In the book, Cinna is depicted as black, and he’s played by Lenny Kravitz, who is Jewish and black. The trainer Atala is described only as a tall trainer, but she’s played in the movie by black actress Karan Kendrick, who has a website, Facebook page, and Twitter account. She seems like a capable actress. To her credit, she also has a sense of humor. Mad magazine did the usual satire of the Hunger Games, calling it “The Hunger Pains,” and they had a large splash panel with Atala in the middle of various tributes preparing for the games. The cartoon of Atala/Kendrick was a good likeness of her. Karan Kendrick copied that cartoon and made it the illustration of her Facebook page and Twitter account. I was glad that she could laugh at the satire.
I’m not sure why people are having a racially-related debate over the Hunger Games. I think race was not a major issue in the books or movies. I made it a factor in my fan fiction, because I wanted to create interesting, complex, detailed characters and a story world with some depth. It’s not a central issue, and it’s not treated with rancor or bitterness…in some ways, I wanted to have a brief running gag.

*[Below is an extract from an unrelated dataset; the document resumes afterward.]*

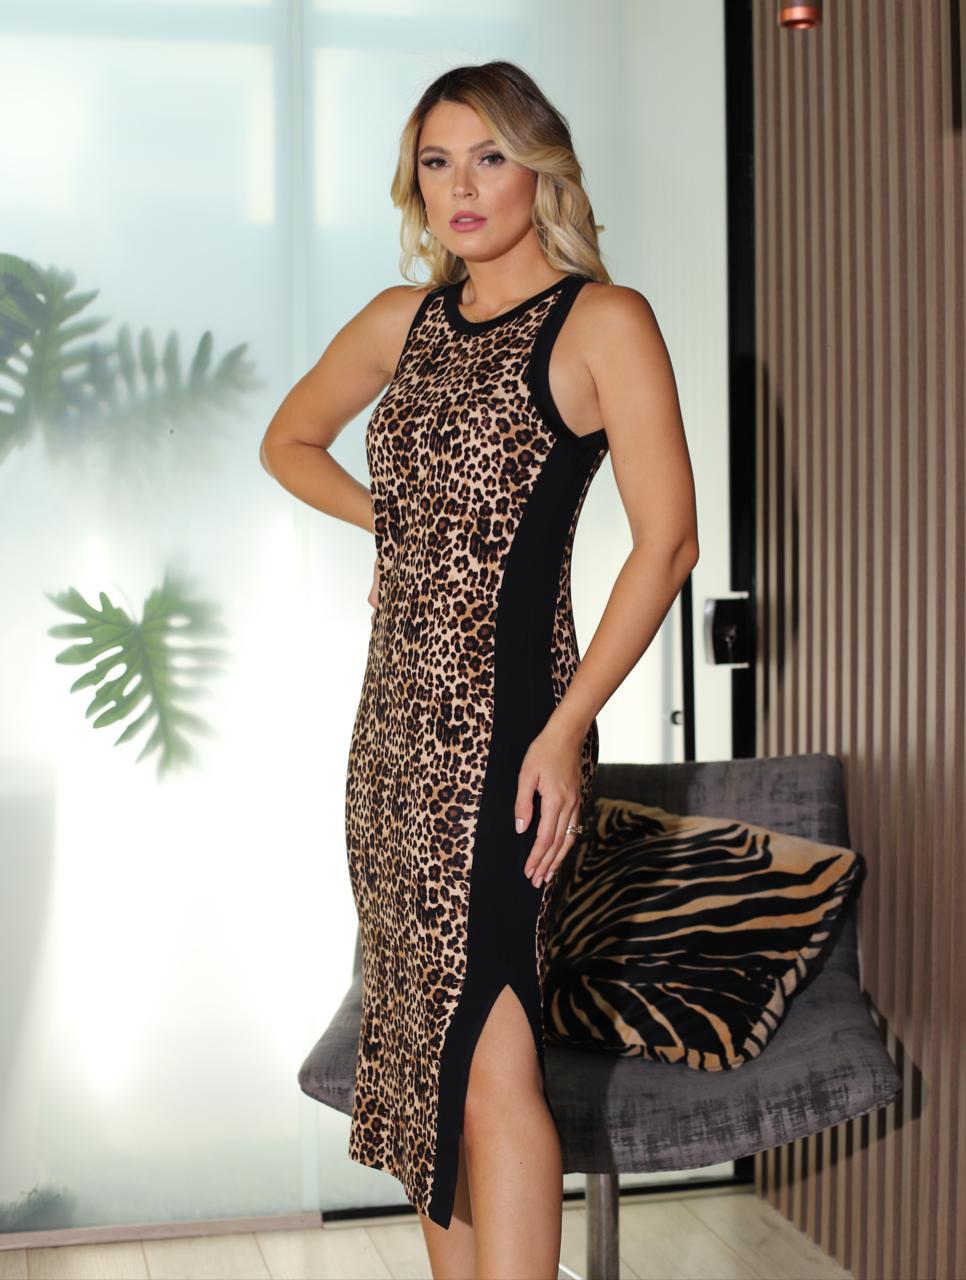 Vestido Jo Midi Moletinho 4% Elastano Animal Print Detalhe Faixas Preta Lateral Fenda +Mascara e Xuxinha P/Cabelo

It is followed with another running gag – and I’m not giving away advance plot here, because the relevant chapters have been posted and the gag has been made – in which different people encountering the reunited lovers repeatedly say to them, “You know, you two look good together,” which is precisely the point of their relationship.
But I think, overall, that the fact that people are bringing up racial issues and creating animosity in the Hunger Games where not much should exist says more about the people making the arguments than about the novels and movie. I think there are too many people in this world who have penknives to grind, issues and subjects over which they obsess, and any time they see something large to comment on, they do so in their familiar terms of reference, riding their hobbyhorse, beating it to death, inflaming it and politicizing it to gratify their own desires: to spread hatred, infuriate others, gain fame, inflate their own self-importance. It gets tiresome and upsetting.
I think the real questions generated by the Hunger Games is how our society, regardless of ethnicity, has become addicted to “reality shows” in which highly combustible people of no merit (e.g., Snooki) are given undeserved fame and importance, and their tawdry soap-opera lives become national obsessions. The Hunger Games is the ultimate version of reality shows, in which a nation comes to a crashing halt to watch 24 teenagers brutally kill each other. They are a futuristic version of the Roman gladiator fights, and I wonder if we are not so far, with televised wars and “reality shows,” from having such “entertainment” become standard fodder. The odds, as Suzanne Collins writes, are definitely not in our favor.